Just think about it. He’s your family. Your brother. Your nieces and nephews are there.
Dad, we’ve discussed this. I’m not going over it again.
I know. All I ask is that you think about it.
There was silence, time for thought, but I knew it was not the thing Bly was thinking about.
Then she said, Are we going to do this?
Yes, let’s go, I said, and handed the urn to Bly.
In the fading light we walked down towards Sandy Rip Point to a place where the rising seas had excavated the sand and saltbush back to bare rock, a hundred metres or more above the flat of the rock pools I had played in as a child. In a matter of decades the sea had cleaned back the sand to bare rock and gouged and smoothed new rock pools from the weaknesses in that rock. We came across a large rock pool full of sea urchins and silvery blue fish and red starfish as tense as hands and we stared at the life within it in silence, squinting to see through the darkening water. Our reflections in the pool of water, father and daughter rippling on the surface, became the place on which our eyes rested, where our
thoughts seemed to part for the moments afterwards.
Part of me wanted to ease my way into the pool and pick up an urchin and hold the beautiful certainty of it up to the doubting light. And in that moment I saw the child that I once was and, after all those years, still was to some extent. It came to me then, in my seventy-sixth year, that age was simply layers and layers of experience wrapped around the heart of childhood, and that the true wonderfulness of life was not so much to make a new layer – which was wonderful in itself – but to simply strip back those layers, open that old youthful heart to the world. But, as I knew all along, this rock pool was not and would not be a place for children. It was, along with the crippled hands of the jacaranda reaching above the water to be saved, along with the Hobart apartment where Smith and Bly were born and raised, destined to be the final resting place of the ashes of my beloved wife.
Dad, you can cry, you know?
Can I?
Just let it out.
The tears are there. They’re in me.
Then let them out, Dad, Bly said, her face shiny and puffed around the eyes.
This doesn’t sound like me, Bly. But I feel like she’s in them. She’s in every tear inside me.
Let it out, then. It’s good for you.
I’m not going to cry her out of me. What would be left of me after I do that? These tears are the only thing holding me together.
We both took turns in shaking some ashes into the rock pool and headed back along what remained of Sandy Rip Point, Bly holding my ageing bones and flesh up against the wind and the weight of the moment, serving as a crutch as April would have done for me if she was there walking beside me. We paused at the closest point to the jacaranda and each threw a handful of ashes out towards its branches. Then we made our way to the van and switched on the headlights, realising only then how dark it had become.

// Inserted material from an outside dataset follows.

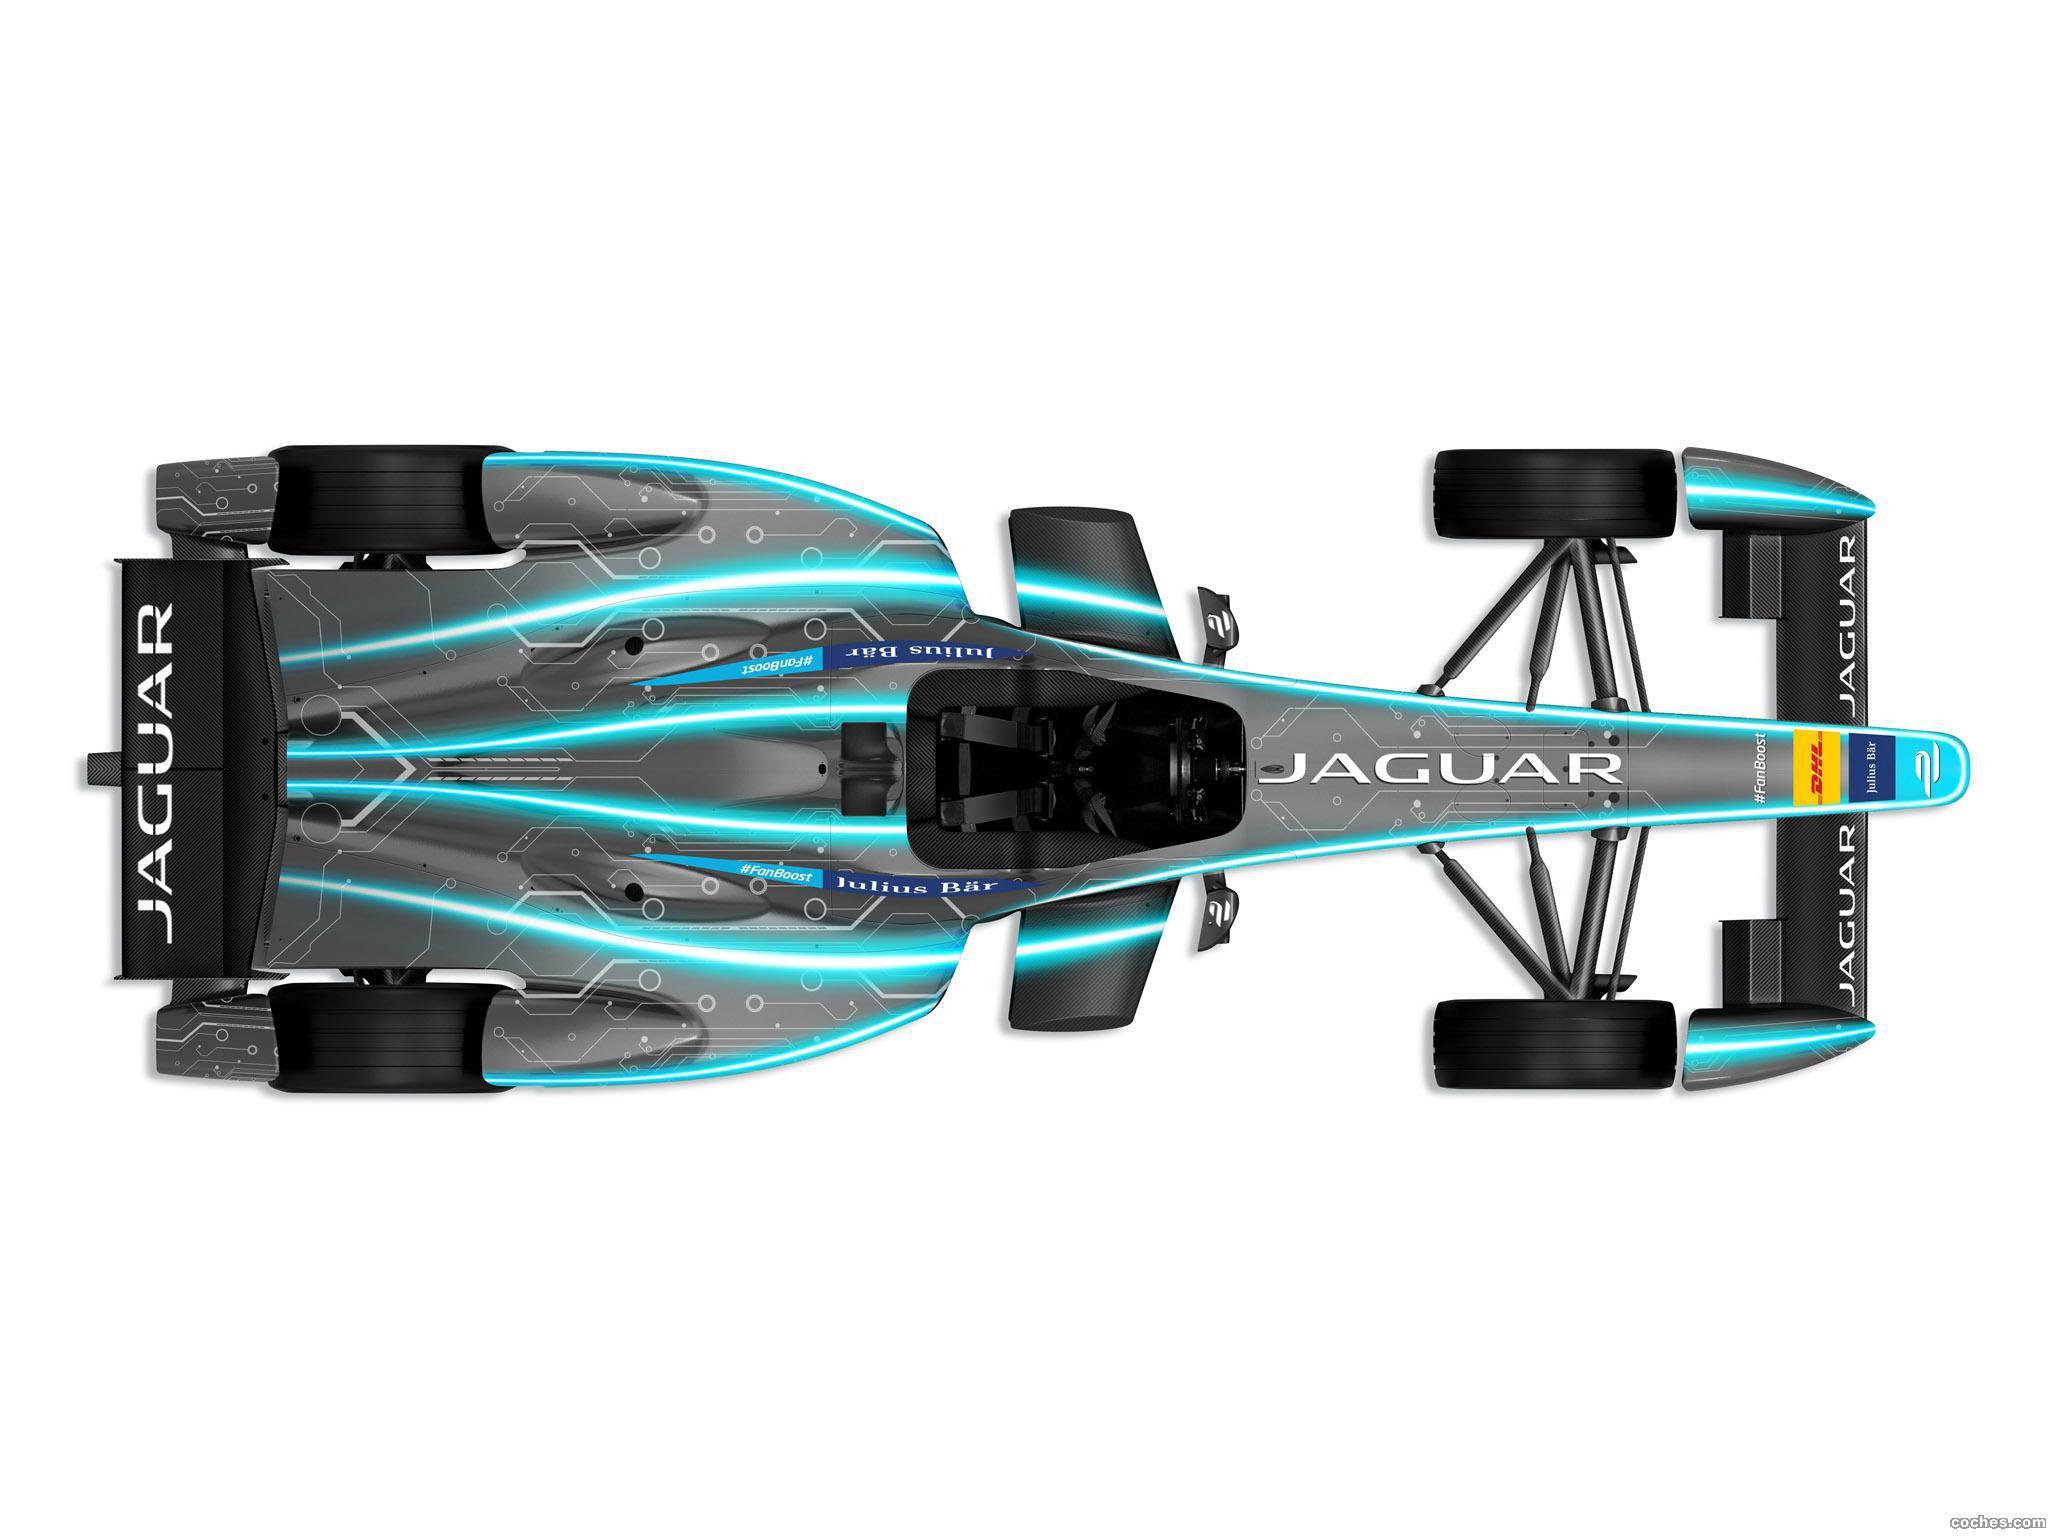 Foto 2 de Jaguar Formula E Race Car Concept 2015

That night we made the trip back to the airport in Canberra. Bly, sensing the pain and tiredness in me, decided that she would drive and urged me to get some sleep as we headed west up through the Dividing Range, the moon large and turning the wreck of sandy plains into a bluish foamy white which seemed, as I stared out the windscreen, to be a prophecy of what this land would become at some time in the future. The heat of the night I could feel against the windscreen. In that part of the old country, it seemed to take the whole of night to metabolise the hot day that had passed, and even then, only an hour before the day began once more, there was a lingering burn on the chest of the night, leaving the night worn out and sleepless. As we passed along Lake George, a name and place marked by the absence of what it claimed to be, I felt more awake than I had felt in a long time, awake with an idea which I had read about in one of Bly’s links.